• **WHAT NEEDS TO BE DONE**
Repeat the listing below in full and exactly. Pictures are to be omitted.

BEGIN RAW DATA

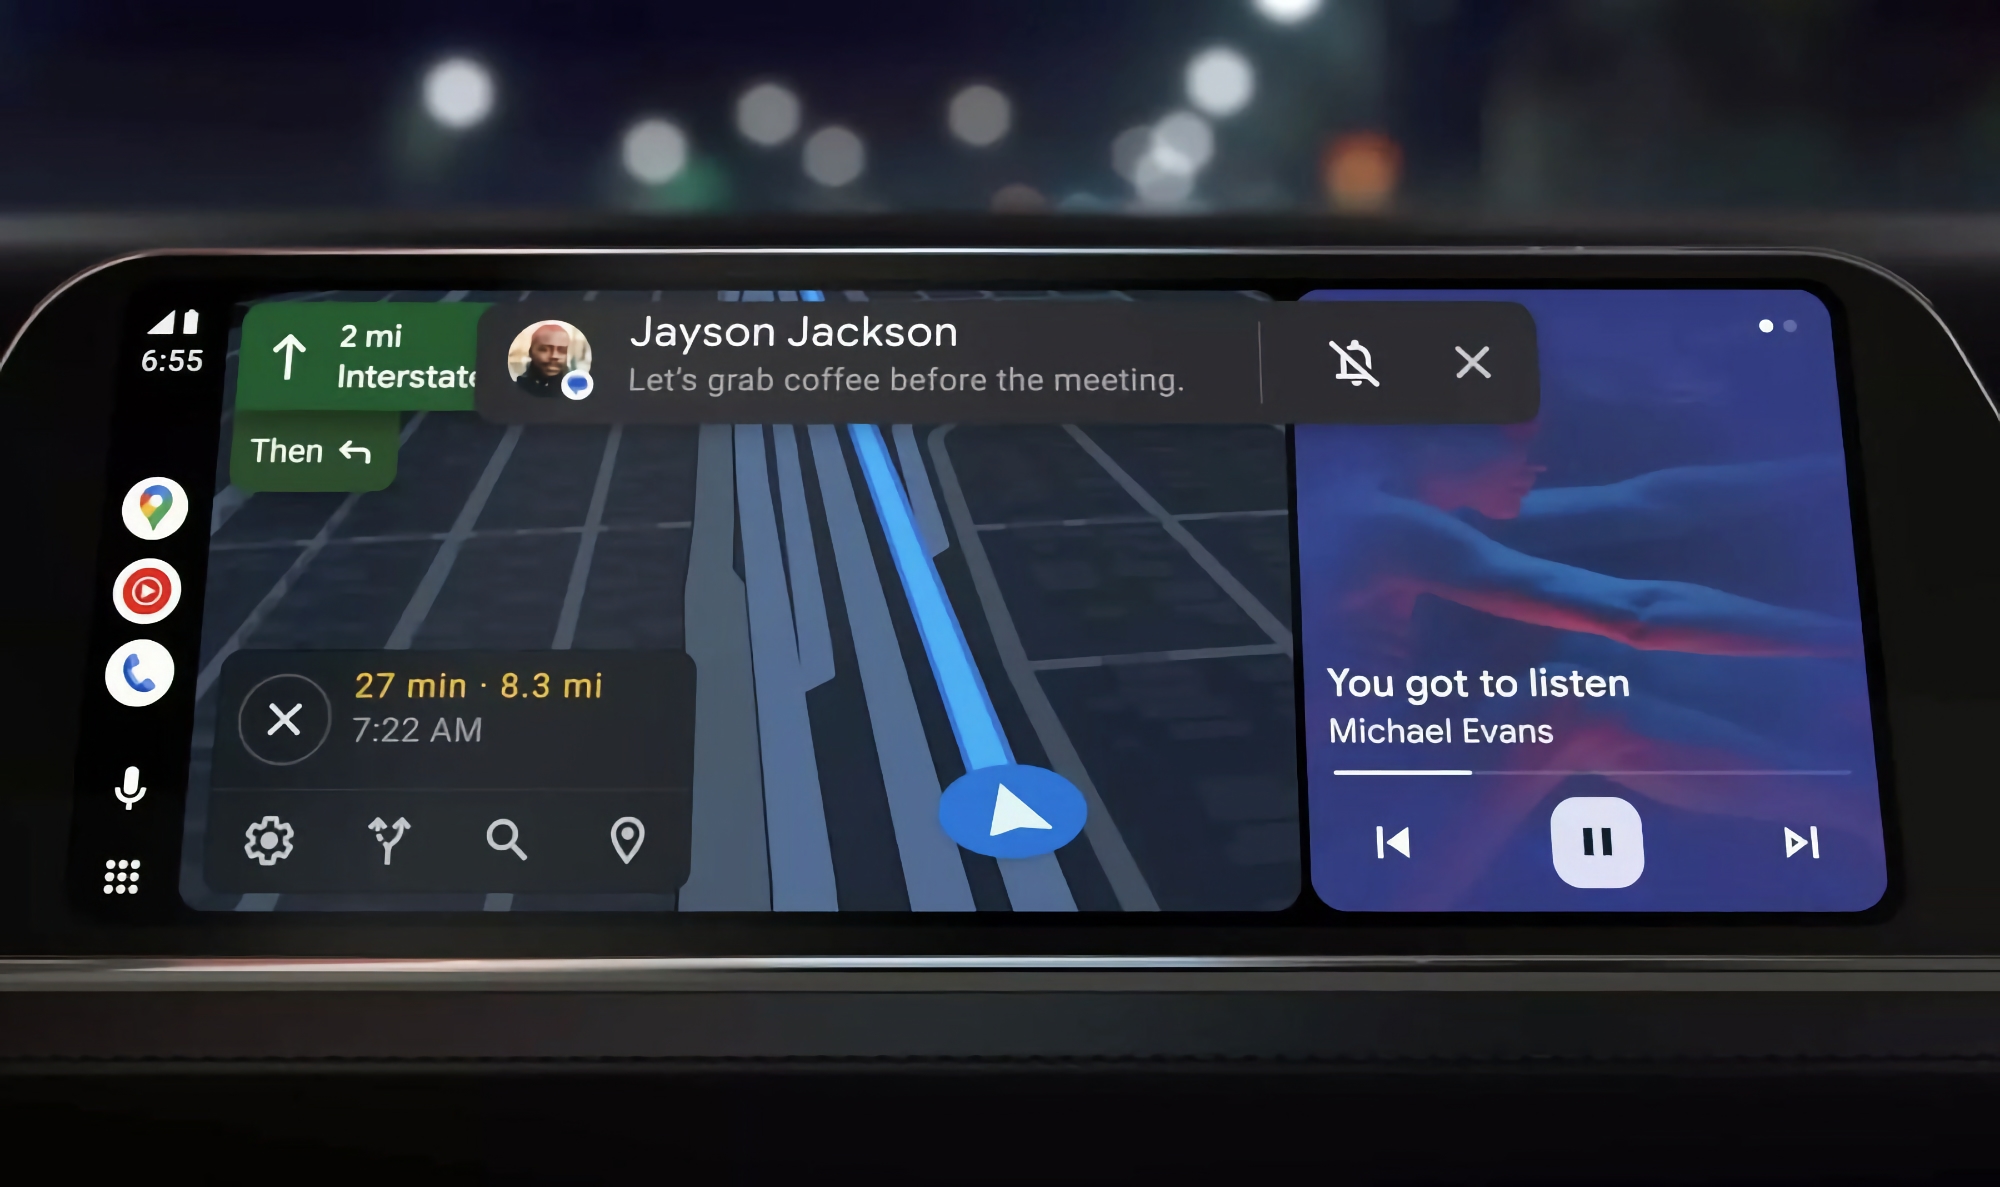 Google Assistant in Android Auto zal je berichten kunnen samenvatten met behulp van AI
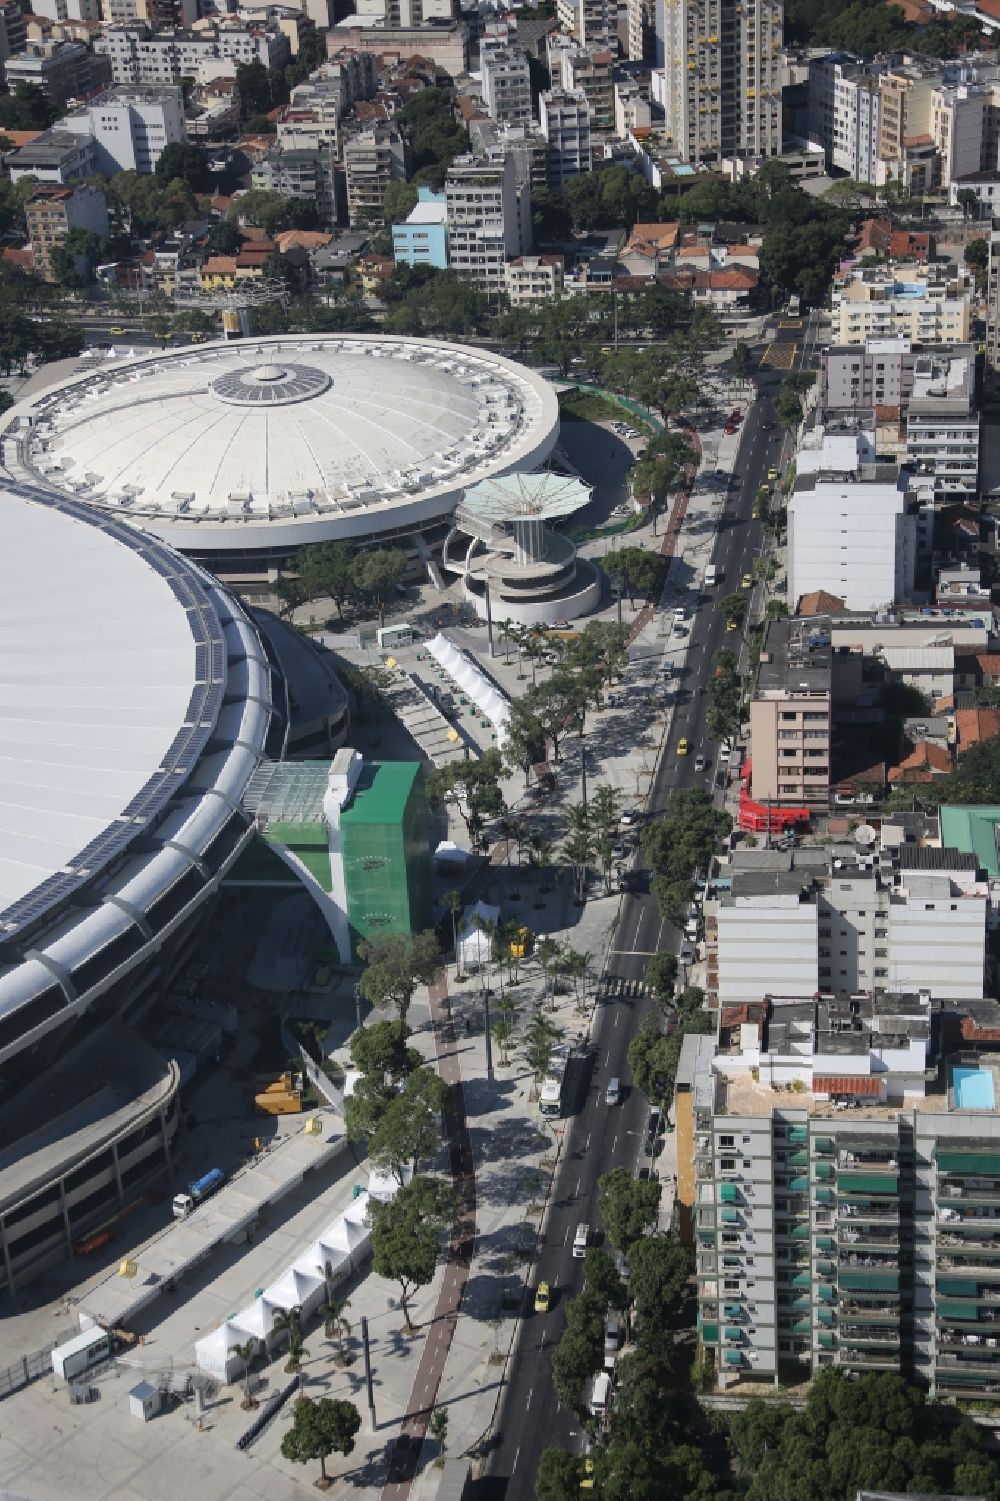 Luftaufnahme Rio de Janeiro - anlässlich des FIFA World Cup 2014 umgebaute Fussball- Arena und Mehrzweckhalle Stadion Estadio do Maracana in Rio de Janeiro in Brasilien
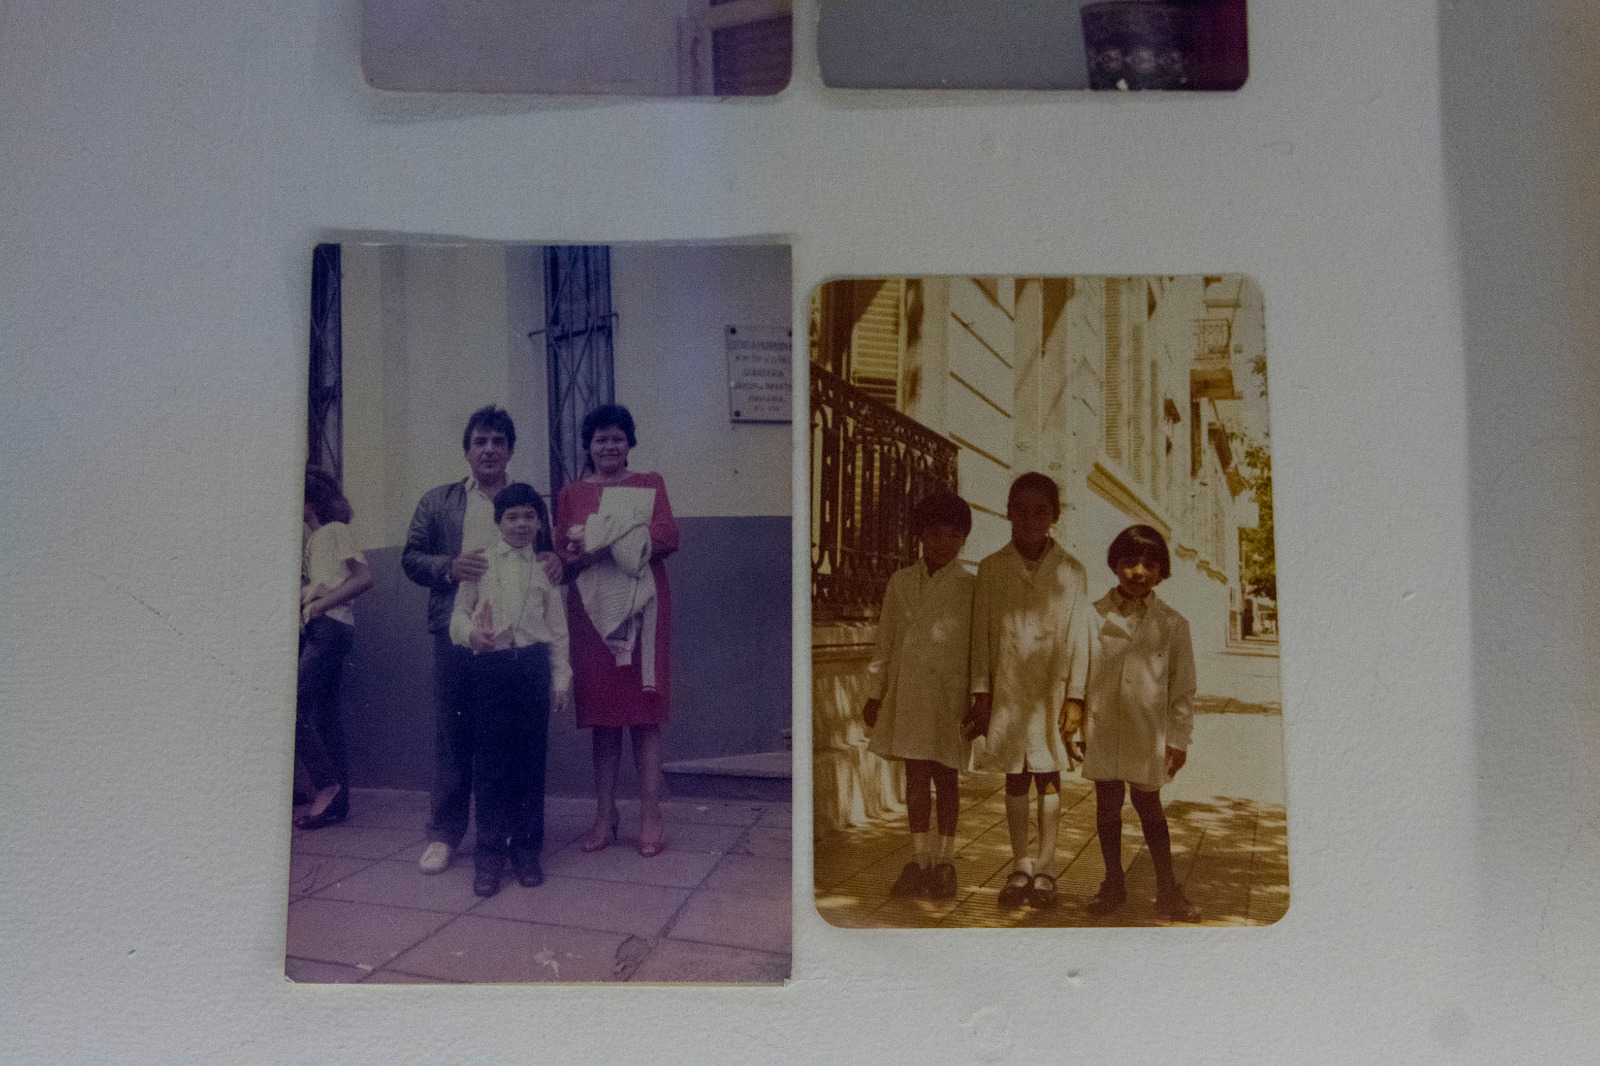 Fotos familiares de Lorena Vega. Parte de la muestra “Imprenteros, de Lorena Vega y Hnos.” en exhibición en la Casa Nacional del Bicentenario.
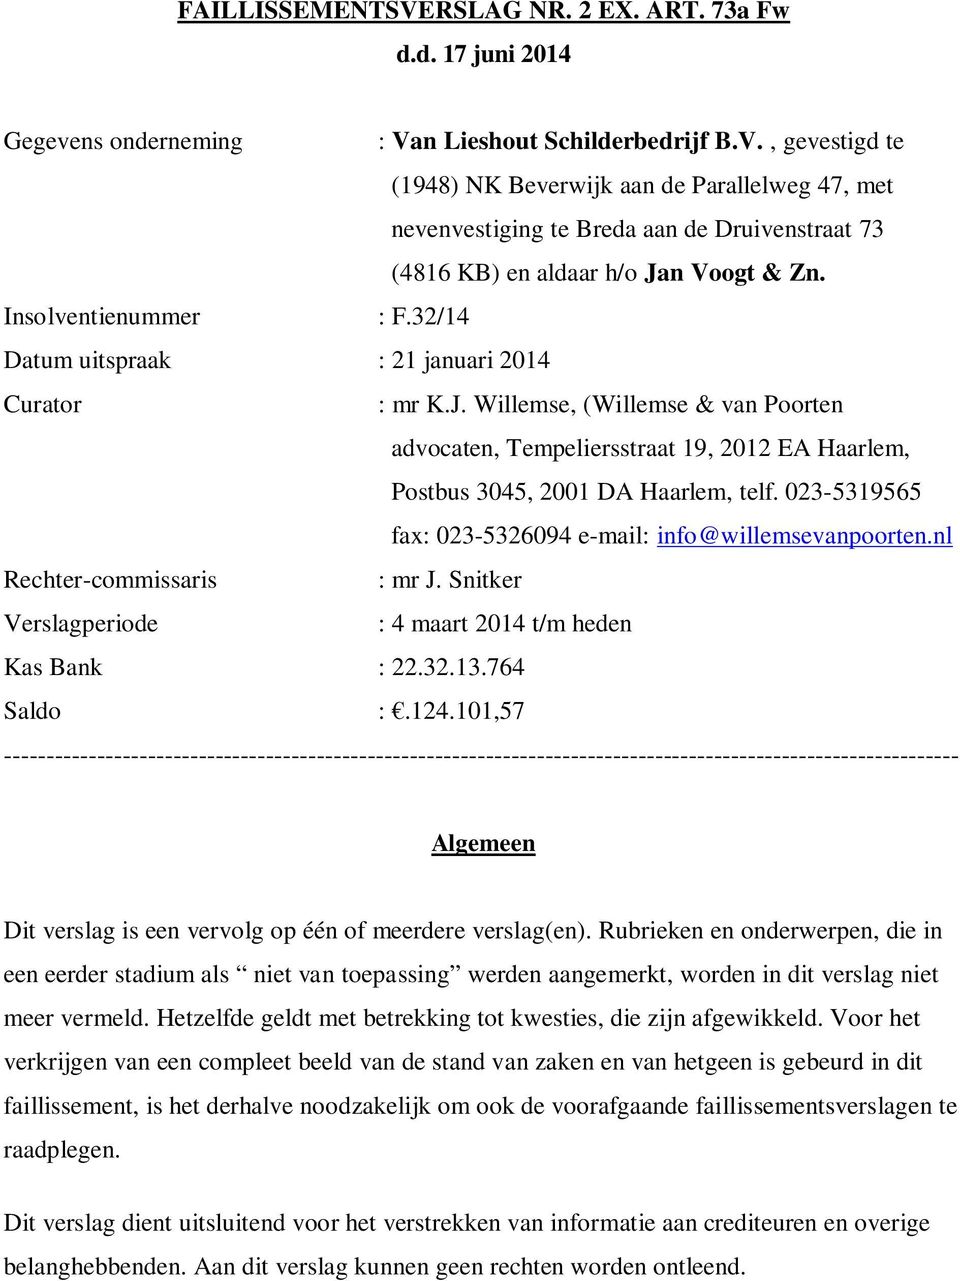 023-5319565 fax: 023-5326094 e-mail: info@willemsevanpoorten.nl Rechter-commissaris : mr J. Snitker Verslagperiode : 4 maart 2014 t/m heden Kas Bank : 22.32.13.764 Saldo :.124.

END RAW DATA

• **YOUR RESPONSE**
 Google Assistant in Android Auto zal je berichten kunnen samenvatten met behulp van AI
 Luftaufnahme Rio de Janeiro - anlässlich des FIFA World Cup 2014 umgebaute Fussball- Arena und Mehrzweckhalle Stadion Estadio do Maracana in Rio de Janeiro in Brasilien
 Fotos familiares de Lorena Vega. Parte de la muestra “Imprenteros, de Lorena Vega y Hnos.” en exhibición en la Casa Nacional del Bicentenario.
 023-5319565 fax: 023-5326094 e-mail: info@willemsevanpoorten.nl Rechter-commissaris : mr J. Snitker Verslagperiode : 4 maart 2014 t/m heden Kas Bank : 22.32.13.764 Saldo :.124.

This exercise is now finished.